* SUPPLIED DATA:
=-=-=

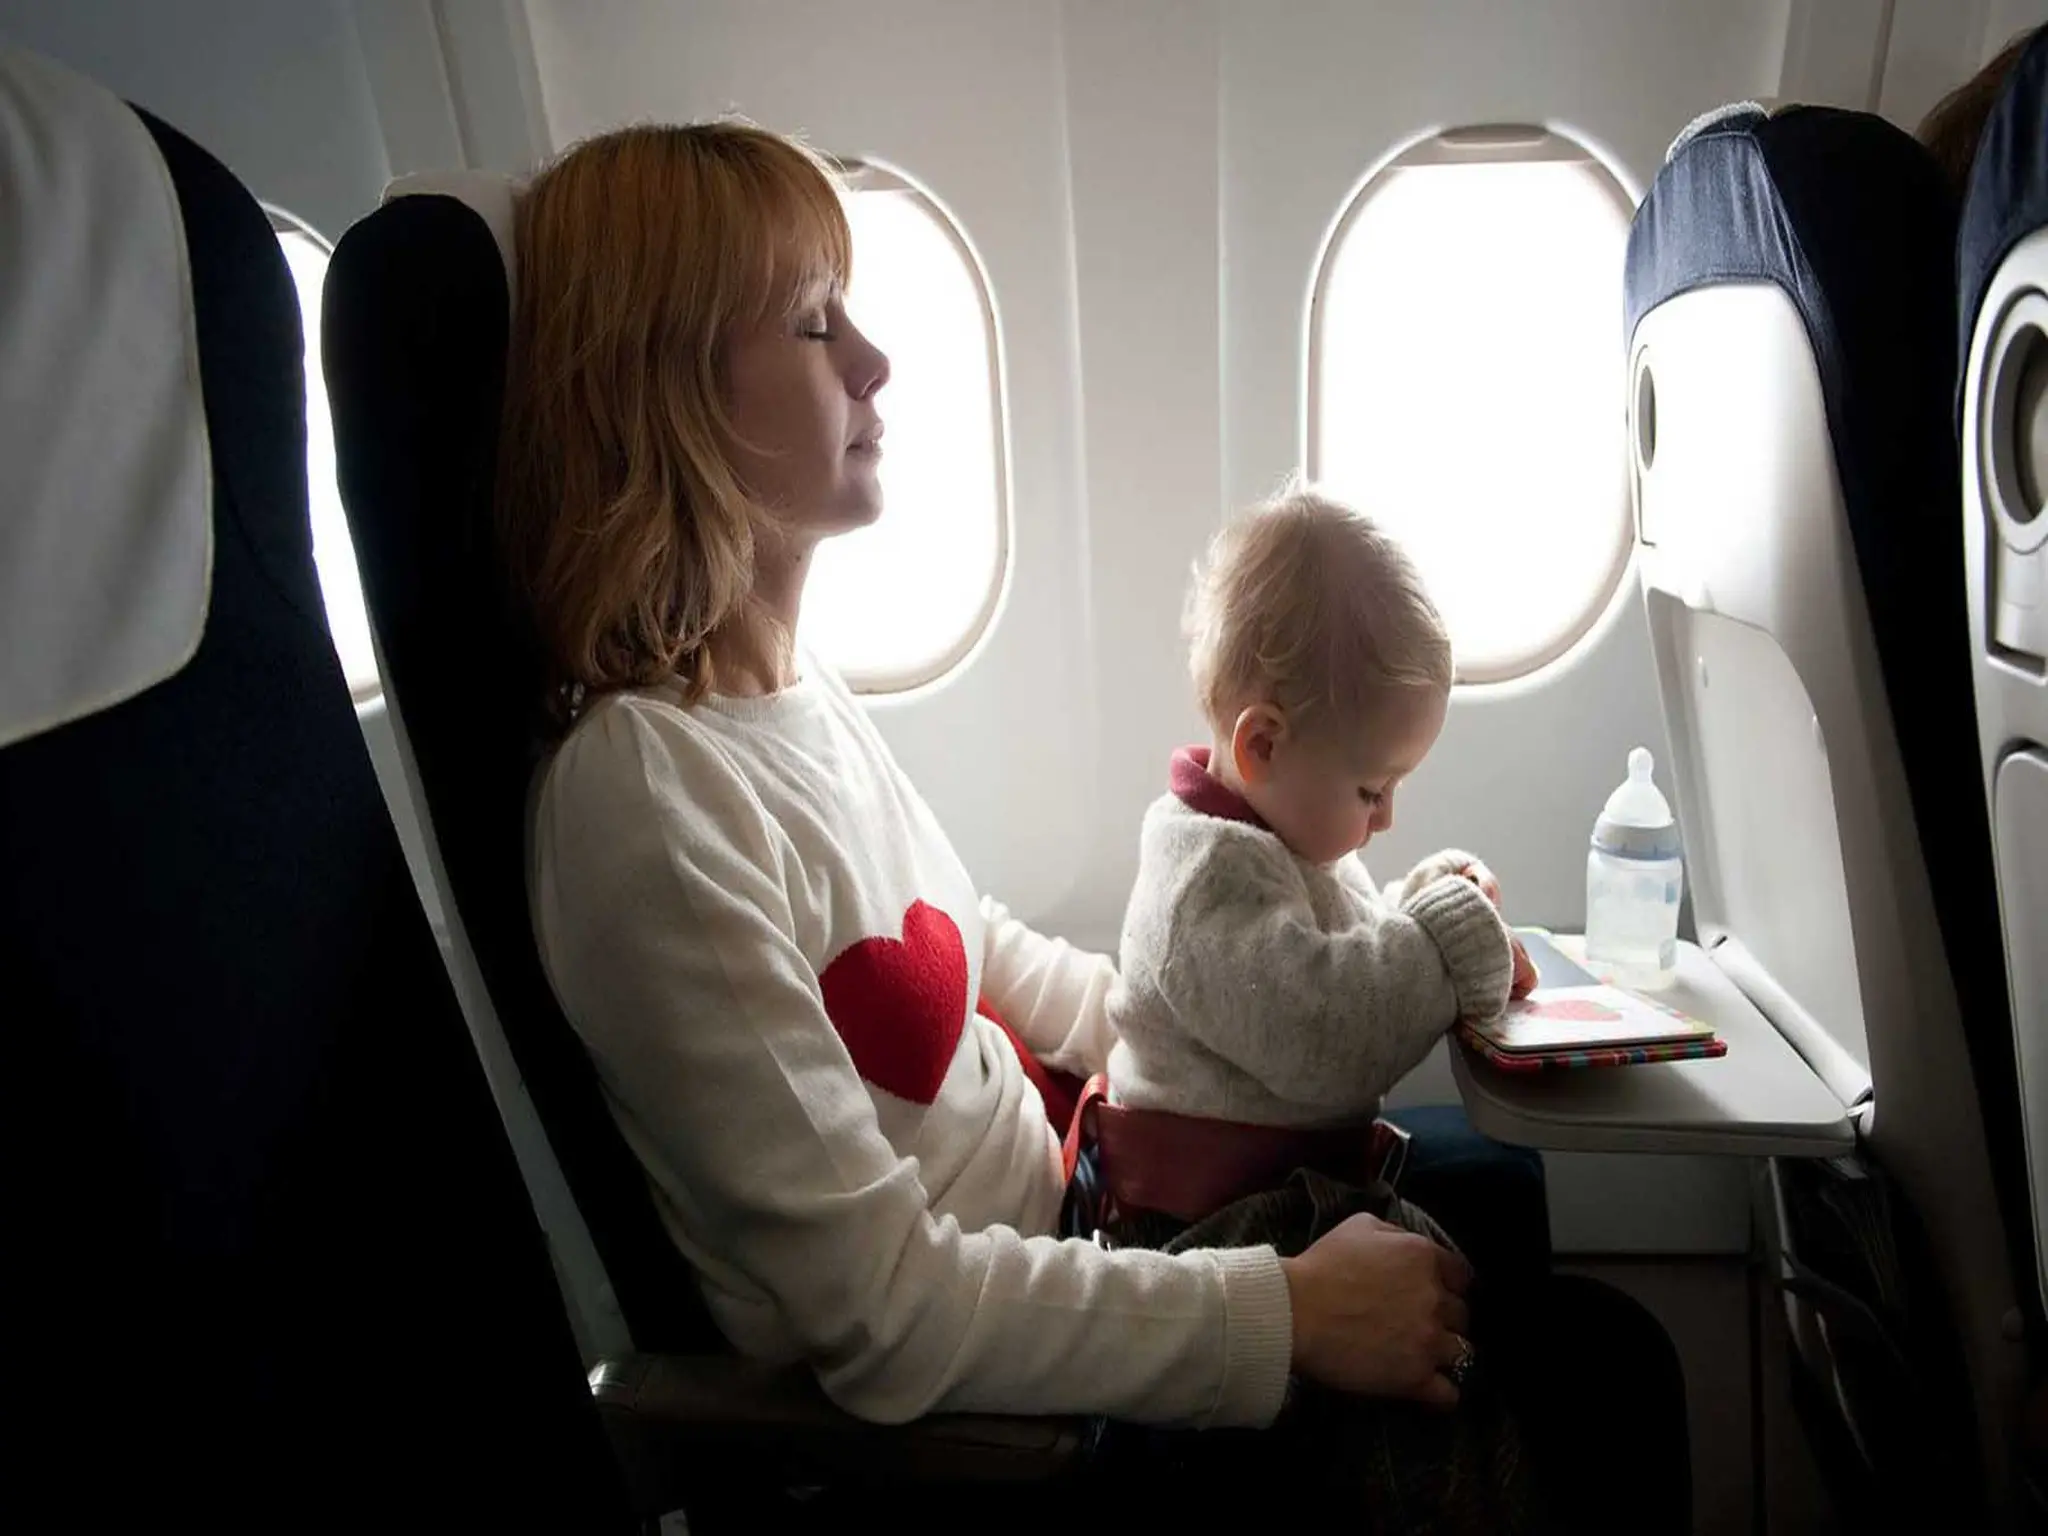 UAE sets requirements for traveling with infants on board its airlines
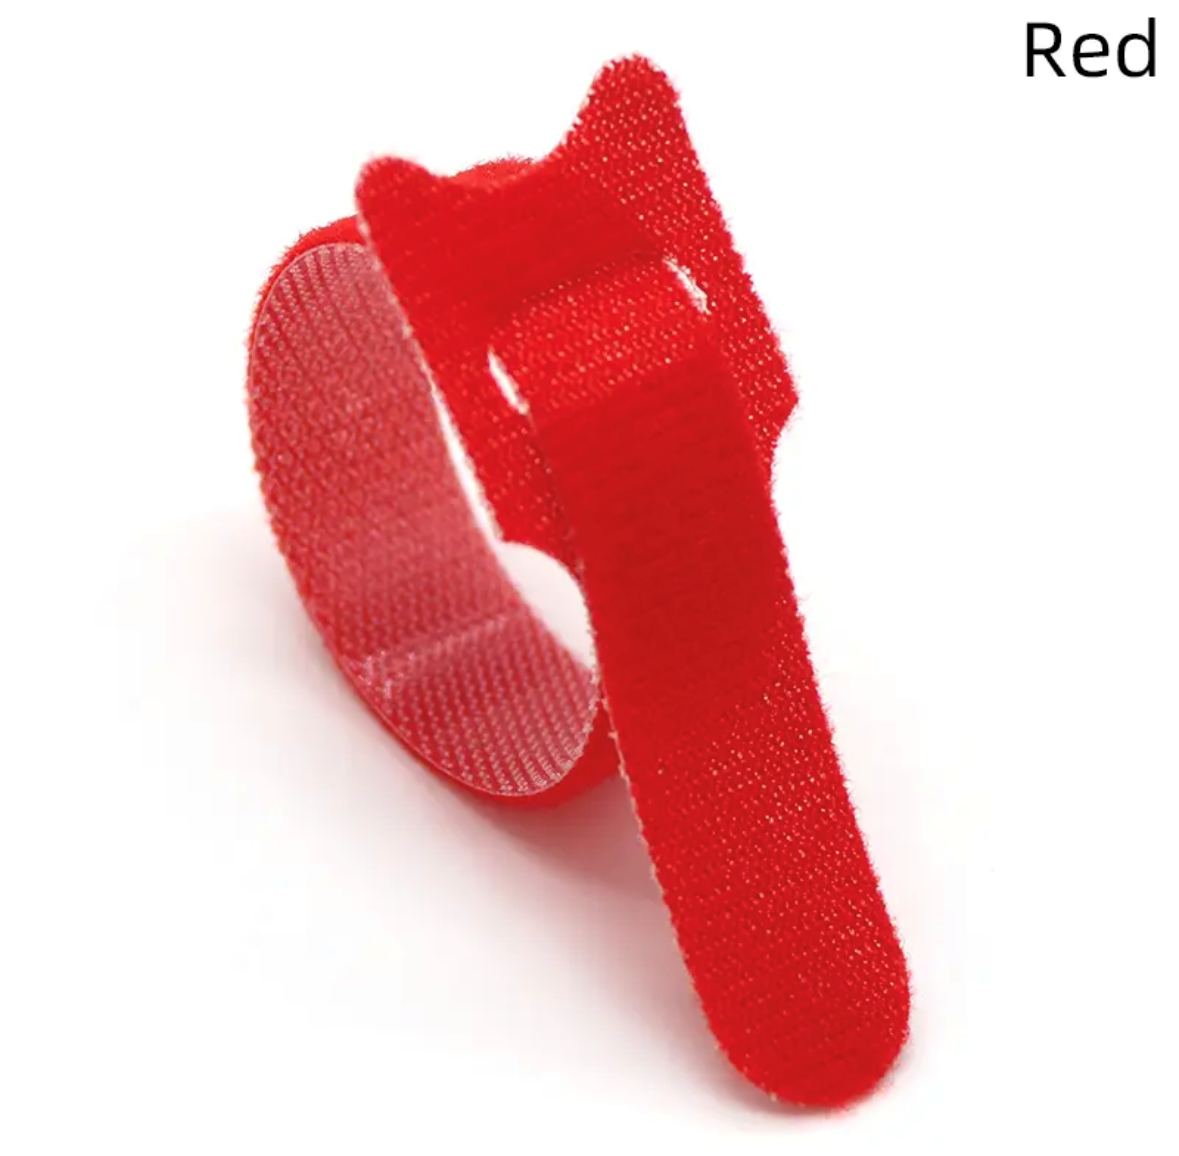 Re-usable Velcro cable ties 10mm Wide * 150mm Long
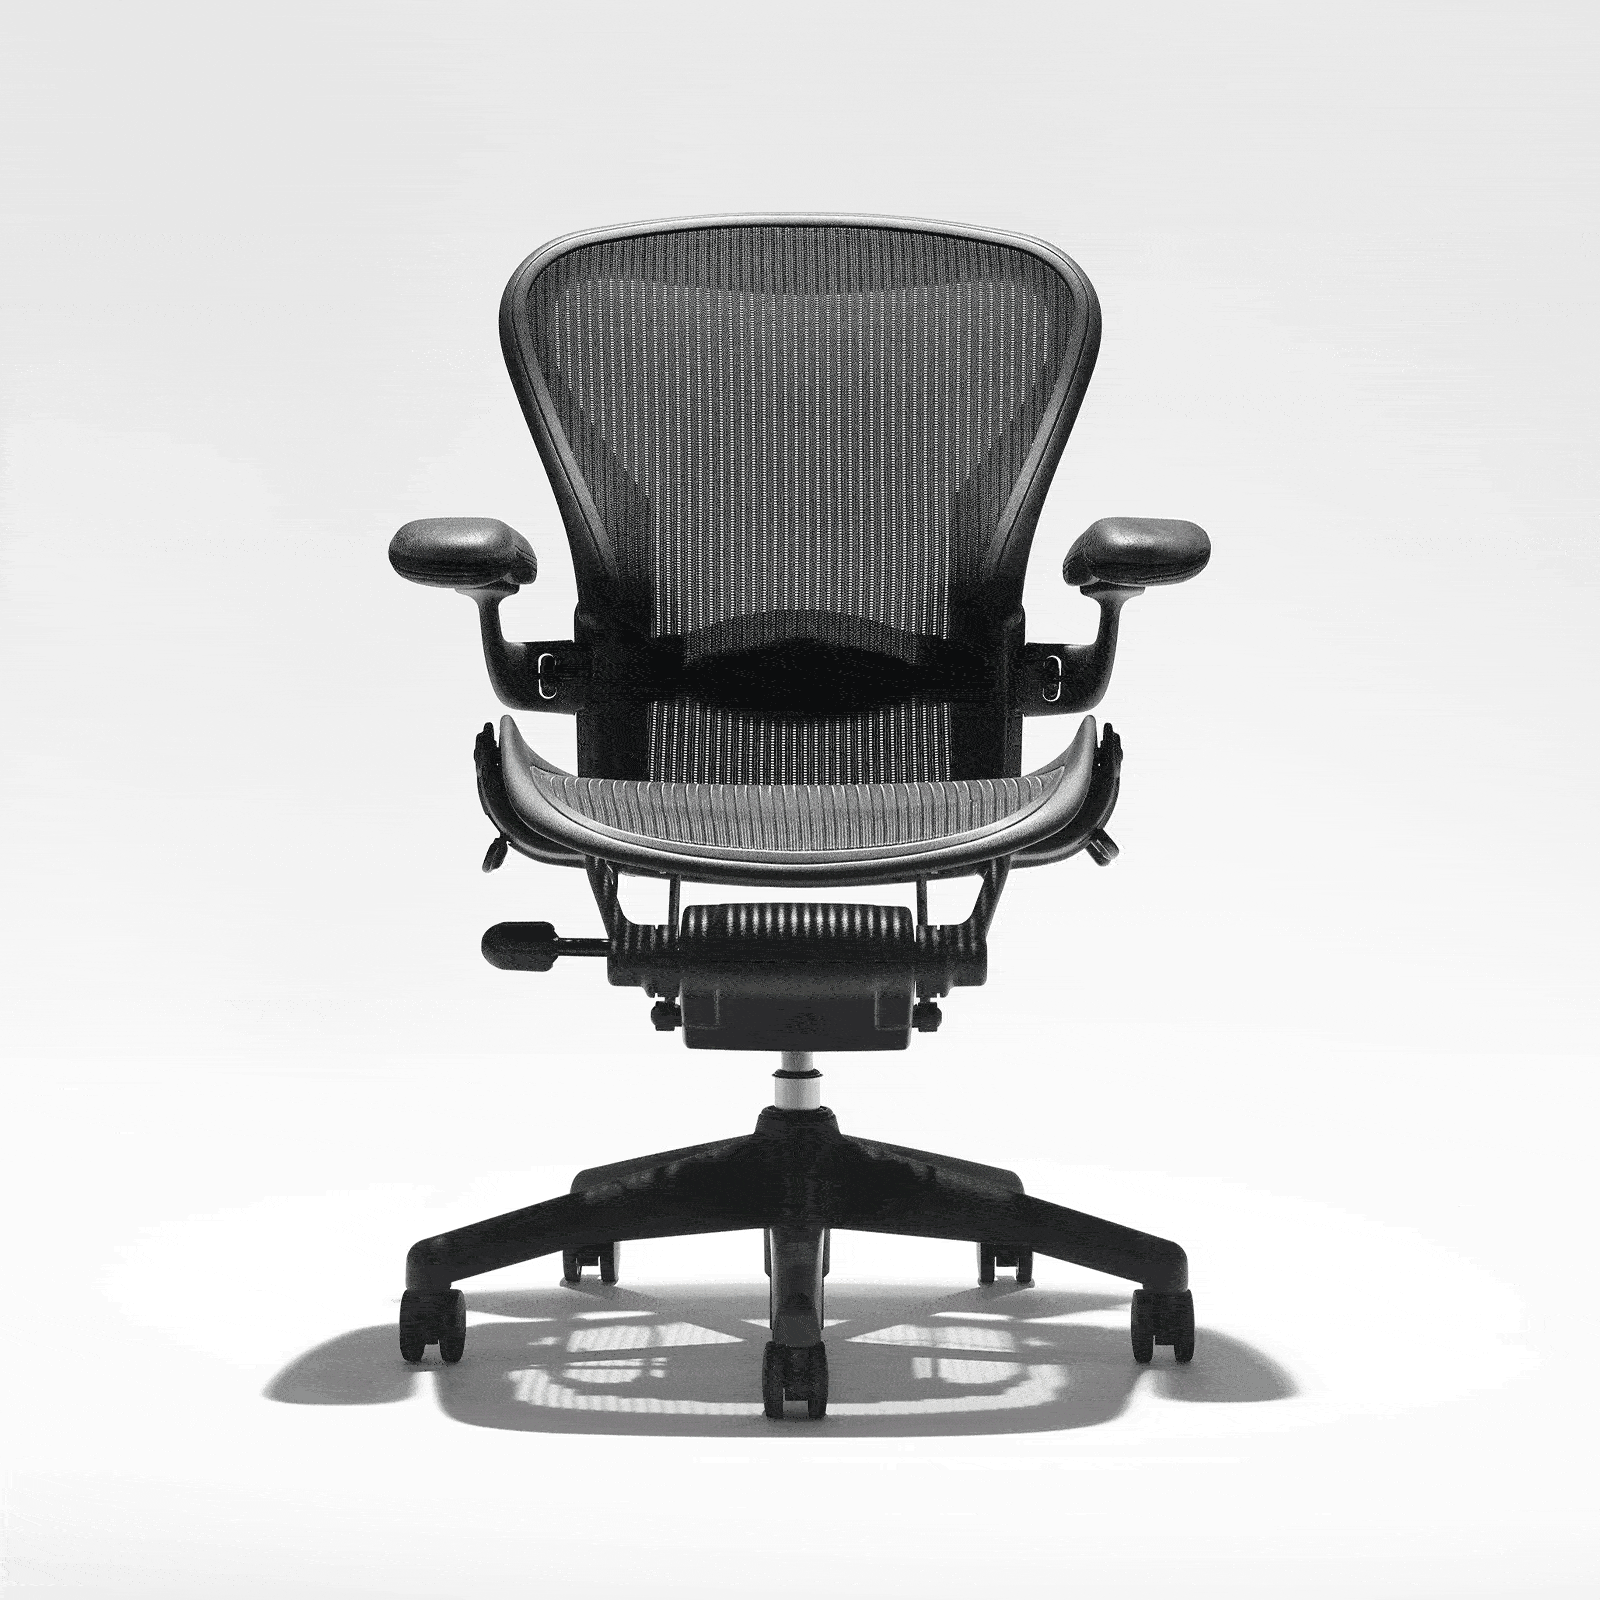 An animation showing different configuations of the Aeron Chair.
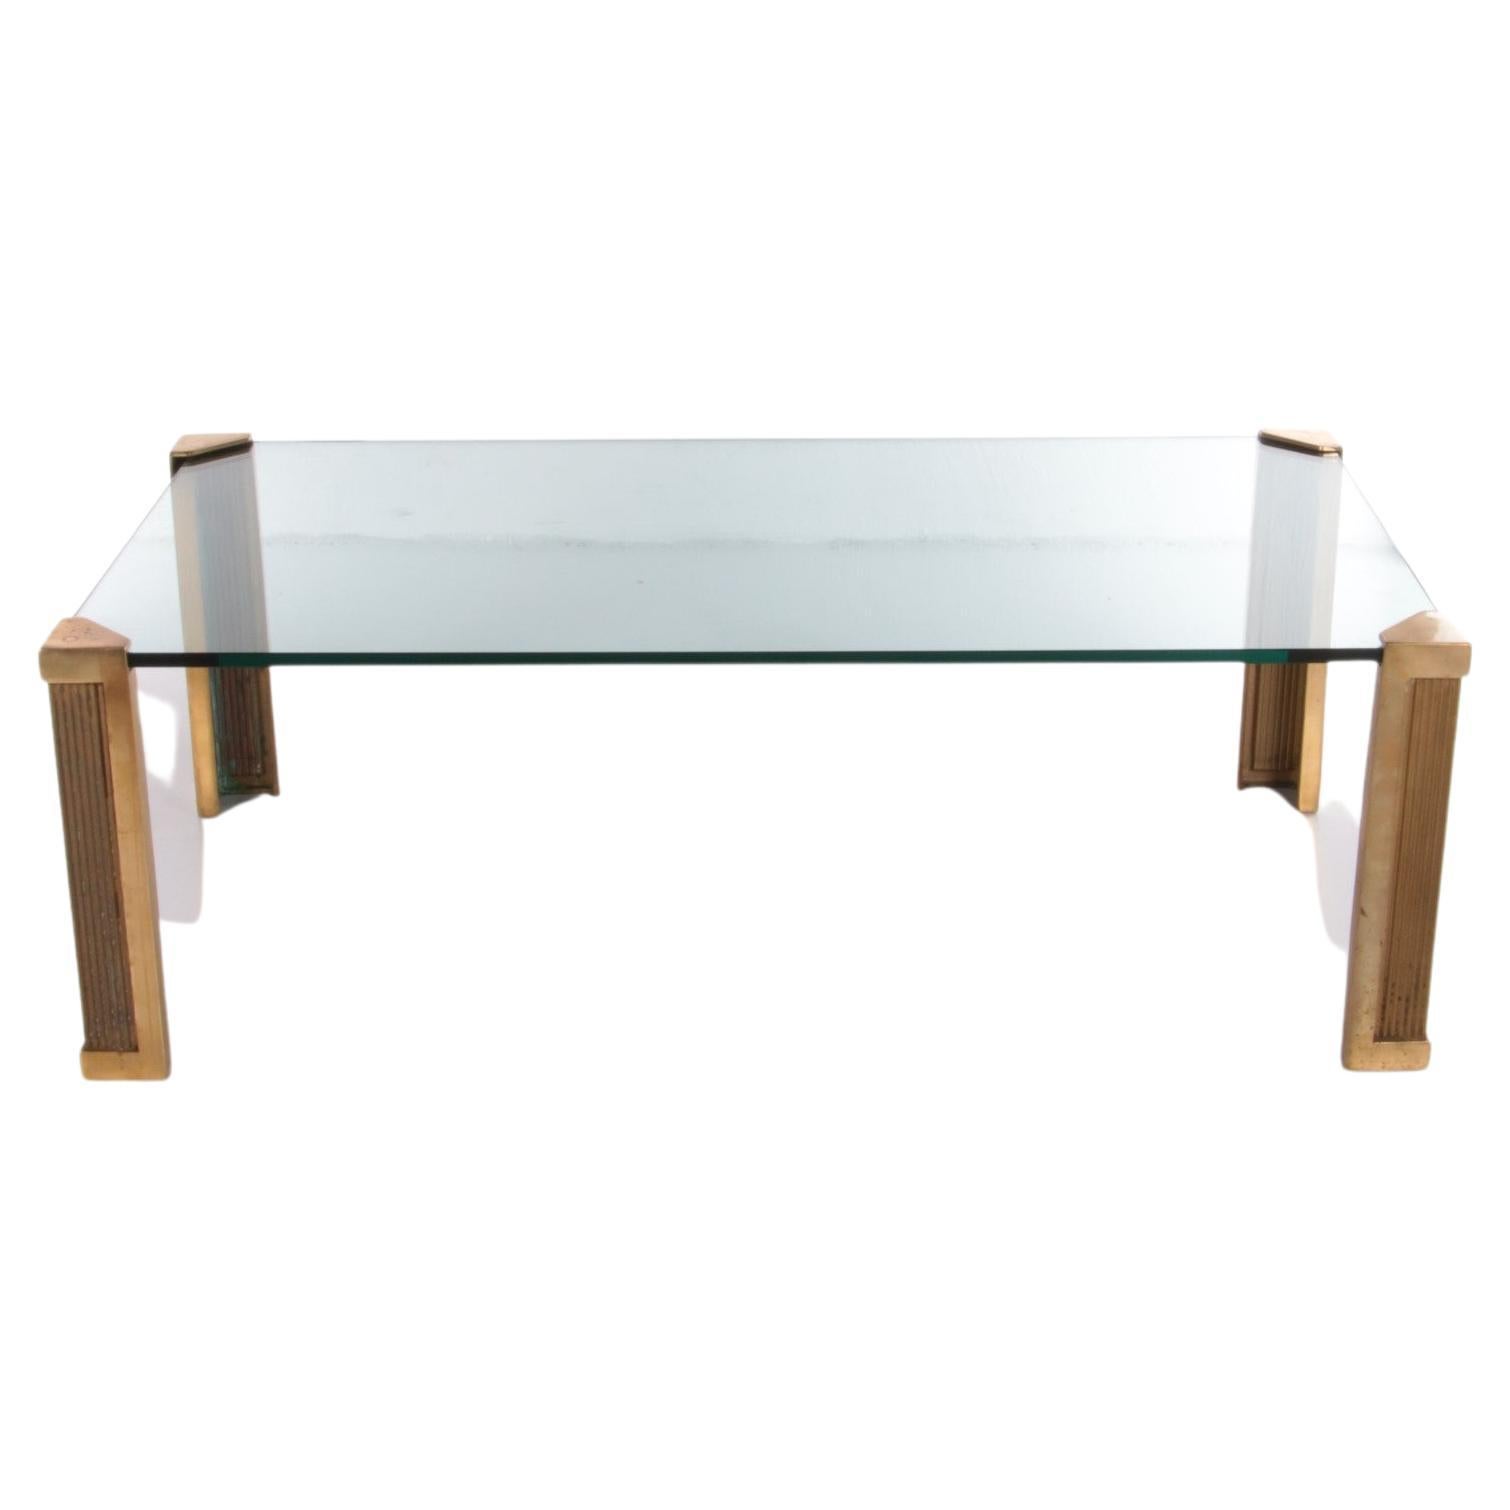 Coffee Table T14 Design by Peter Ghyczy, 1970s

=-=-=

* DIRECTIONS:
Would you print the listing above in full, exactly, but with no pictures?

* FINAL ANSWER:
 UAE sets requirements for traveling with infants on board its airlines
 Re-usable Velcro cable ties 10mm Wide * 150mm Long
 An animation showing different configuations of the Aeron Chair.
 Coffee Table T14 Design by Peter Ghyczy, 1970s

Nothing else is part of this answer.